Мы познакомились с Алешей Парщиковым 30 лет назад, 21 марта 1984 года. Лепкой лица он походил на «Великолепного» Бельмондо: те же резкие морщины на лбу, крупный барельеф носа (уже сама по себе выдающаяся скульптурная деталь) и широкие губы, объемно выступающие не только над подбородком, но и — берите ниже — над всей выпуклой грудью. Да еще глубоко посаженные, пытливые, лукавые глаза. В варианте Парщикова пропорции Бельмондо были небрежно смещены, но Бог Деталей свое дело знал, и в подробностях поэт и актер были в чем-то похожи (а как иначе: поэт — тире — лицедей — и — тире — наоборот). Да и обаяния обоим было не занимать.
В 1984 году Парщиков был автором «Новогодних строчек», недописанной поэмы «Я жил на поле Полтавской битвы» и тысяч строчек, соответствовавших его взглядам и настроениям в иные времена года. От «Истуканы в саду на приколе, / как мужчина плюс вермут пьяны...» до «А на ноже срастались параллели. / И в Судный день они зазеленели» (этих строк, заключающих стихотворение, посвященное В.Ч., почему-то нет в самом полном сборнике стихов «Выбранное», составленном самим Парщиковым).

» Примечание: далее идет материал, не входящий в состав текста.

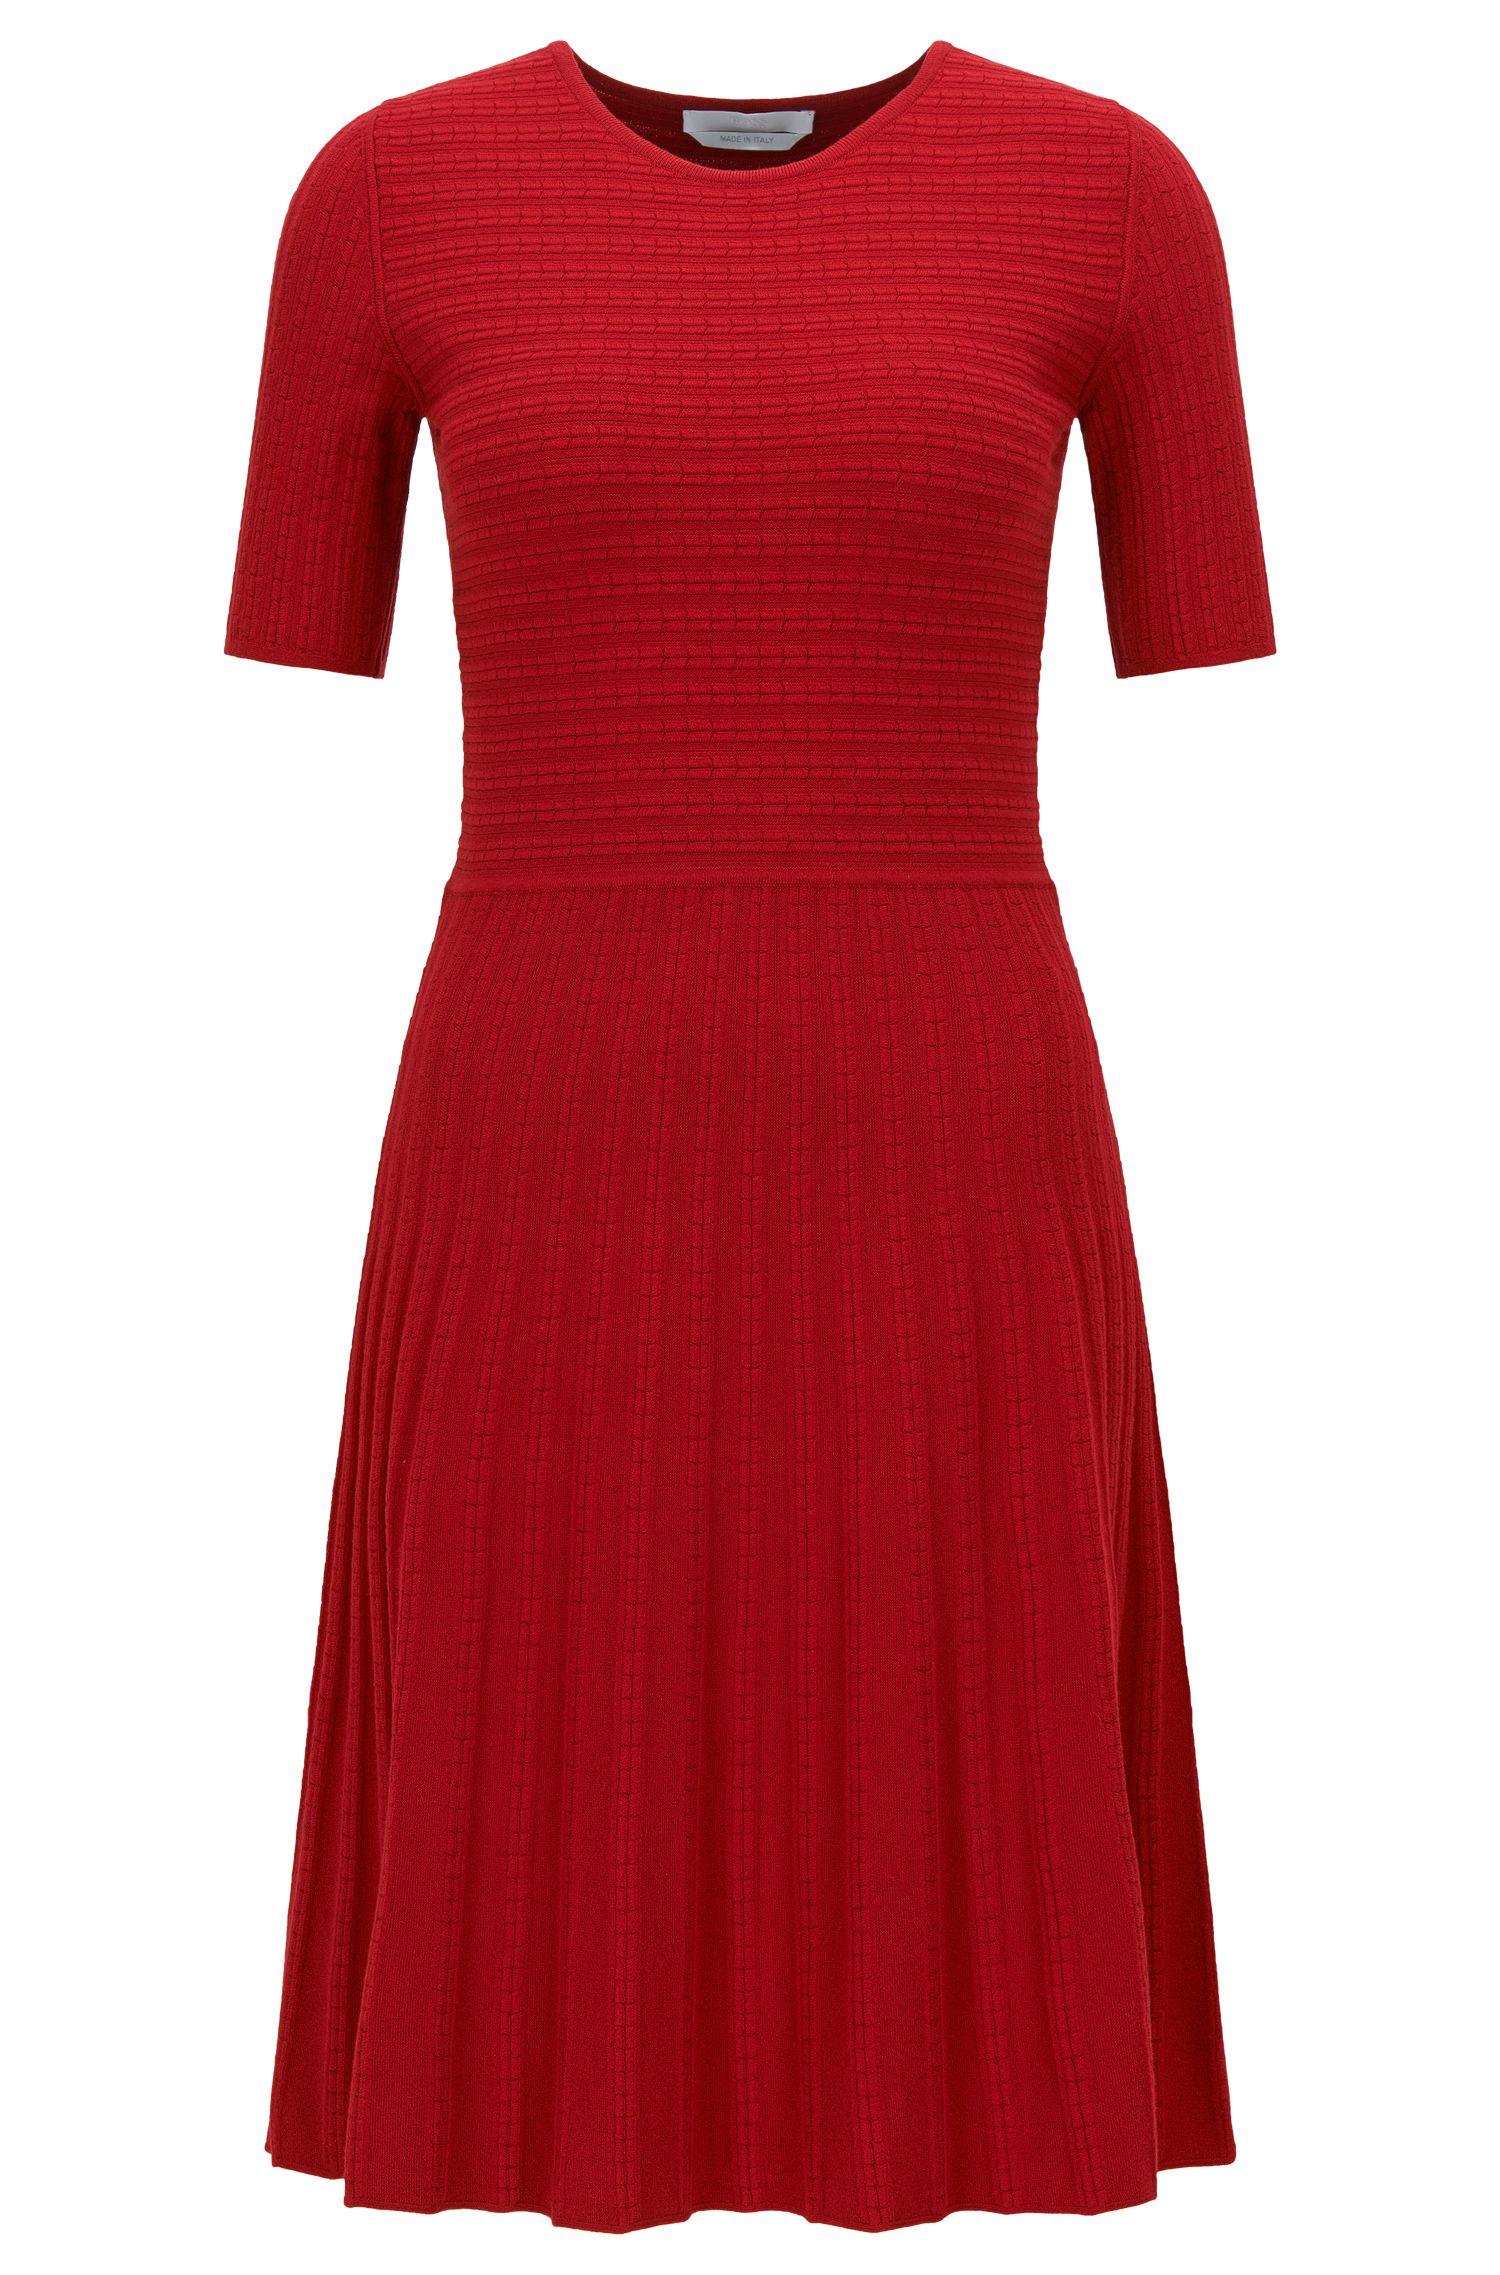 'Frida' | Italian Stretch Dress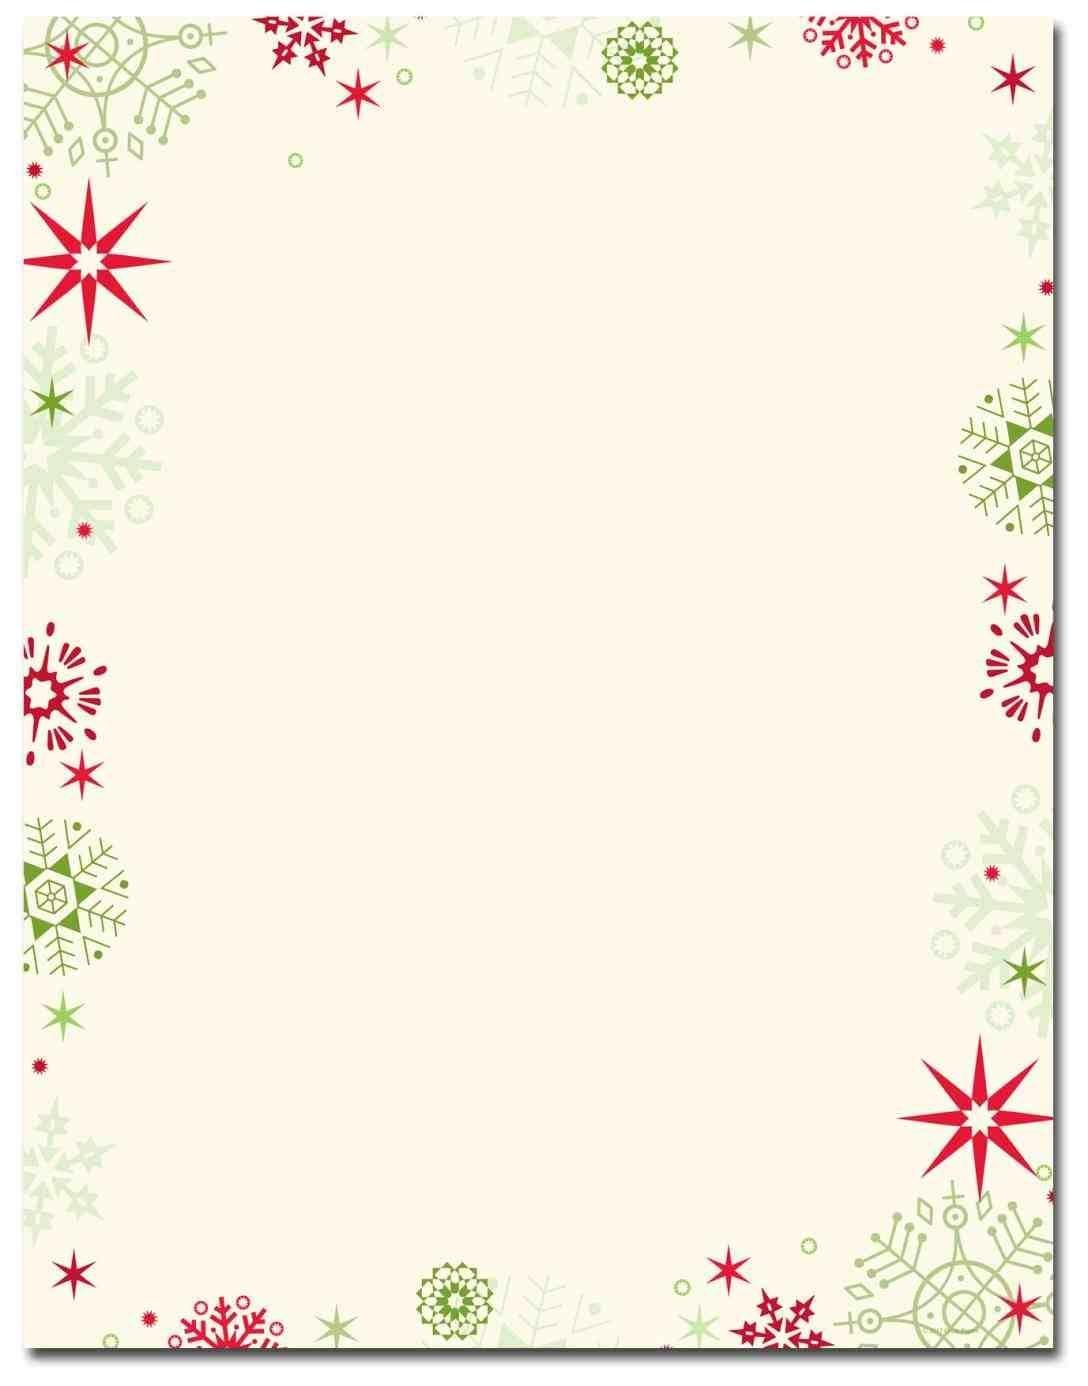 New Free Printable Christmas Stationary Borders At Temasistemi - Free Printable Letterhead Borders

Примерно в одно время мы с Лешей прочитали «Москва — Петушки» и старались следовать логичной идее почаще проверять олитературенную теорию на практике.

Любопытно, что вечер памяти Парщикова к сорока дням со дня его смерти прошел 12 мая в Центре современного искусства «Винзавод». Символично и по отношению к его юности, когда редкий день проходил без вина, и по отношению к тому времени, когда алкоголь стал его смертельным врагом. Во время нашей последней встречи, в Нью-Йорке, в манхэттенской «Русской рюмочной», кажется, в 2001 или 2002 году, я выпивал уже один.
В московскую бытность мы с Лешей периодически выпивали в подъезде одного из домов у метро «Белорусская», перед тем как посетить какой-нибудь поэтический вечер или вернисаж. Стратегически выгодное место: недалеко и до «Юности» с литературными чтениями у Кирилла Ковальджи, и до Малой Грузинской с вернисажами-выставками то «20», то «21». Я уже однажды описал эти посиделки в воспоминаниях о наших выступлениях с музыкантом Сергеем Летовым.
Нам нравилось эпатировать самих себя, будучи одновременно и публикой, и хором, и декорацией. Мы с удовольствием заводились по любому поводу, будь то дамы сердца, алкоголь, чтение друг другу стихов или вояжи «автопилотом» по Москве с каким-нибудь переводчиком-славистом.
Часто приезжал финн Юкка Маллинен, закончивший в 1970-х МГУ и переведший в дальнейшем на финский всех, кажется, значимых современных русских поэтов, от Бродского до Кутика. Лет пятнадцать спустя Юкка станет автором антологий современных русских прозы и поэзии на финском языке.
Примерно в одно время мы с Лешей прочитали «Москва — Петушки» и старались следовать логичной идее почаще проверять олитературенную теорию на практике. Мы почти не экспериментировали с ерофеевскими коктейлями, но при встрече брали Веничкины навыки и советы на вооружение. Юкка с энтузиазмом нас поддерживал. А какой финн не любит быстро напиться до первой звезды?!
Несколько лет спустя, в конце восьмидесятых, Веничкин шедевр был необычайно высоко оценен в пьющей не по-детски (в основном на ленинградском туристическом направлении) Финляндии. Сразу после выхода романа в финском варианте Ерофеев стал умом, честью и совестью массового финского читателя.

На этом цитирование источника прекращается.